Enter matrix details
Use a real symmetric matrix only. This tool accepts sizes from 2×2 through 6×6.
Example data table
| Example | Matrix | Smallest eigenvalue | Interpretation |
|---|---|---|---|
| 3 × 3 sample | [[4, 1, 1], [1, 3, 0], [1, 0, 2]] | 1.467911 | Positive definite with a moderate spectral spread. |
| 2 × 2 sample | [[2, -1], [-1, 2]] | 1.000000 | Stable symmetric system with clear separation. |
| 4 × 4 sample | [[5, 1, 0.5, 0], [1, 6, 1, 0.5], [0.5, 1, 7, 1], [0, 0.5, 1, 8]] | 4.361623 | All eigenvalues remain positive and well ordered. |
Formula used
The calculator targets real symmetric matrices because their eigenvalues are real and sortable. The smallest eigenvalue is defined as:
λmin = min eig(A)
For symmetric matrices, the same value is also the minimum Rayleigh quotient:
λmin = minx ≠ 0 (xT A x) / (xT x)
The solver applies the Jacobi rotation method. It repeatedly zeroes the largest off-diagonal term, updates the diagonal entries, and sorts the final diagonal values as eigenvalues. The reported determinant is the product of eigenvalues, and the Gershgorin lower bound estimates a guaranteed lower limit for the spectrum.
How to use this calculator
- Select a matrix size from 2×2 to 6×6.
- Enter a real symmetric matrix into the input grid.
- Adjust tolerance, decimal places, and iteration limit if needed.
- Use the mirror button to copy upper entries below the diagonal.
- Press the calculate button to show results above the form.
- Review the minimum eigenvalue, spectrum, matrix class, and eigenvector.
- Use the CSV or PDF buttons to save your report.
FAQs
1. Why does this calculator require a symmetric matrix?
Real symmetric matrices always have real eigenvalues and orthogonal eigenvectors. That makes the smallest eigenvalue meaningful, sortable, and stable for numerical reporting.
2. What does a positive smallest eigenvalue mean?
It means every eigenvalue is positive when the matrix is symmetric and positive definite. In many applications, that suggests stability, convexity, or positive energy curvature.

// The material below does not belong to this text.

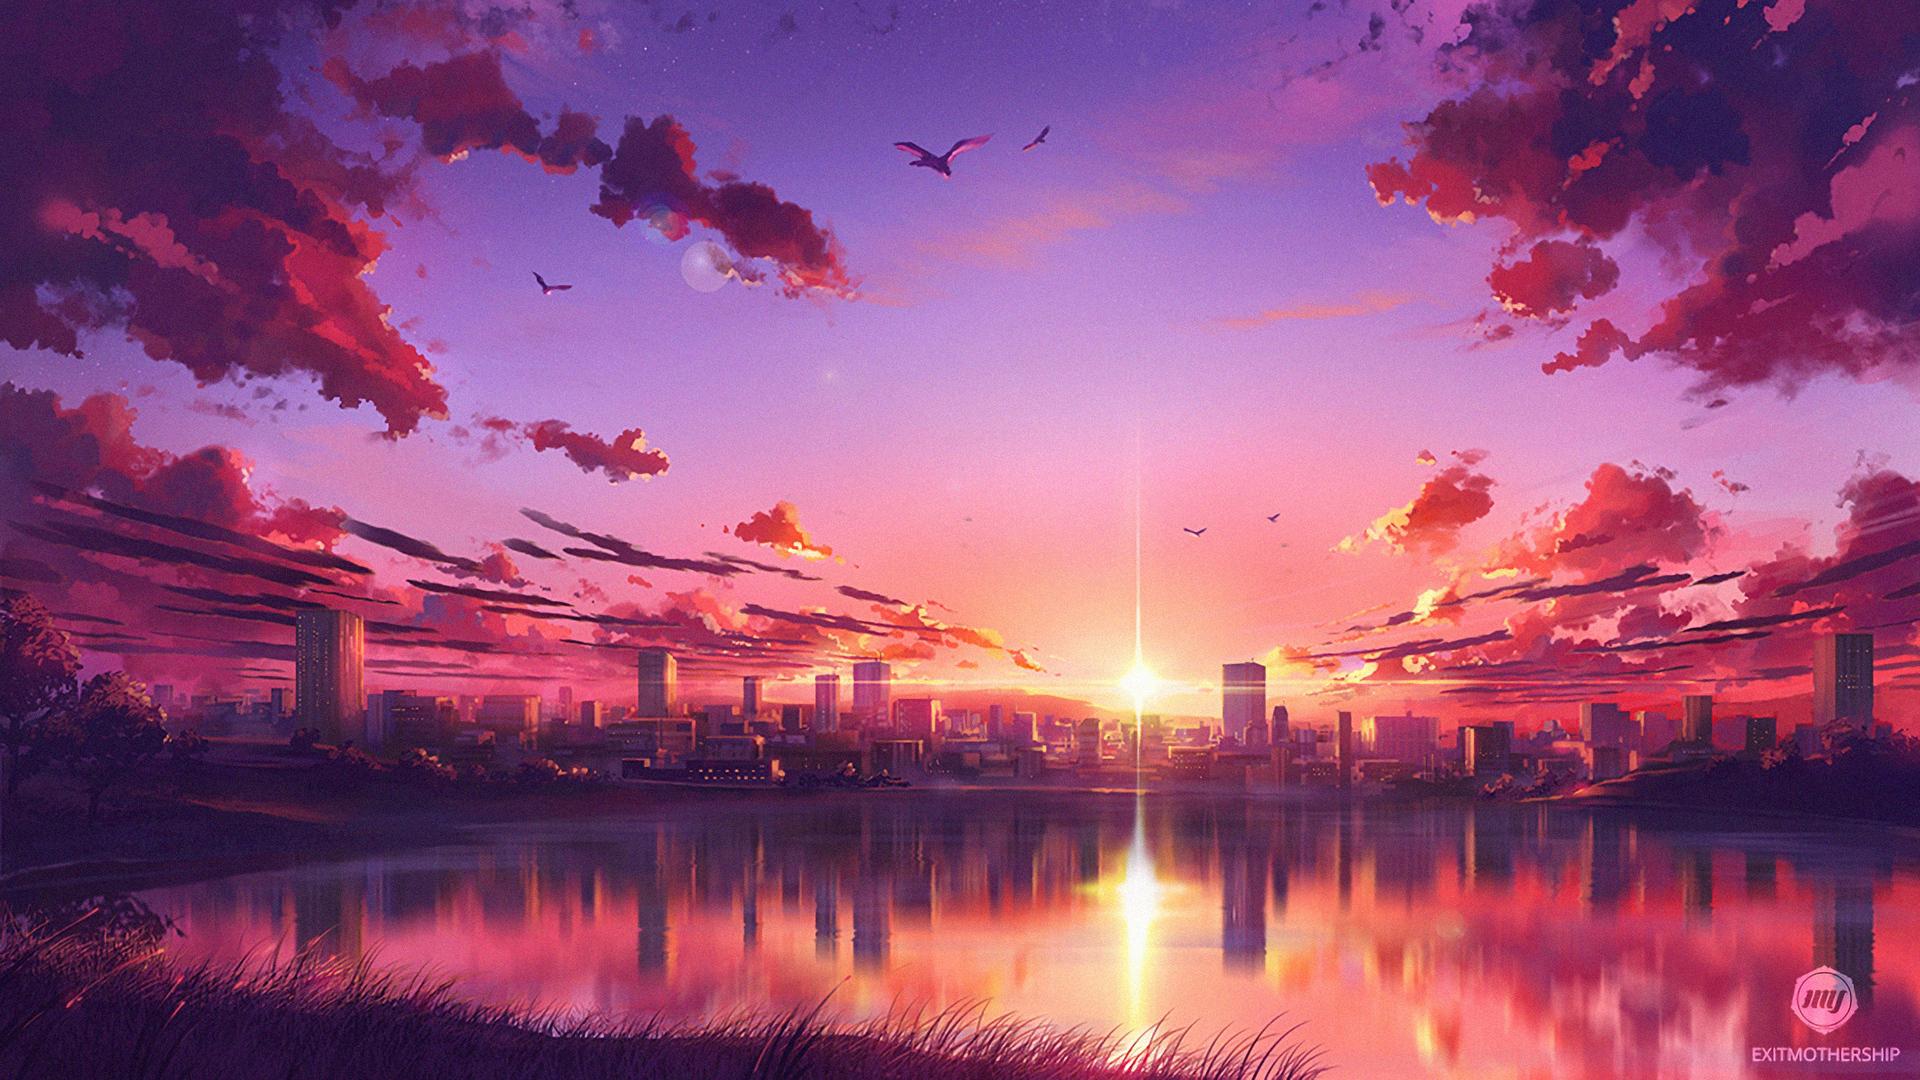 1920x1080 Anime Sunset Scene Laptop Full Hd 1080p Hd 4k

3. What if the smallest eigenvalue is zero?
A zero or near-zero minimum eigenvalue suggests singularity, rank deficiency, or a nearly flat direction. Small rounding changes may matter more in that case.
4. Why is the Gershgorin lower bound included?
It provides a fast theoretical lower estimate for where eigenvalues can lie. It is useful for quick screening before relying on the final iterative solution.
5. How should I choose the tolerance?
Use a smaller tolerance for more precise diagonalization, but expect more iterations. For most moderate matrices, 1e-10 is a good default starting point.
6. Does this tool handle large matrices?
This page is designed for interactive matrices up to 6×6. That keeps the interface readable and the iterative computation quick in a browser-driven workflow.
7. What is the smallest eigenvector used for?
It identifies the direction associated with the minimum Rayleigh quotient. That can reveal weakest stiffness, lowest curvature, or the most sensitive mode.
8. Why might convergence fail within the iteration limit?
A very strict tolerance or a poorly scaled matrix can slow Jacobi rotations. Increasing the iteration cap or rescaling entries often helps.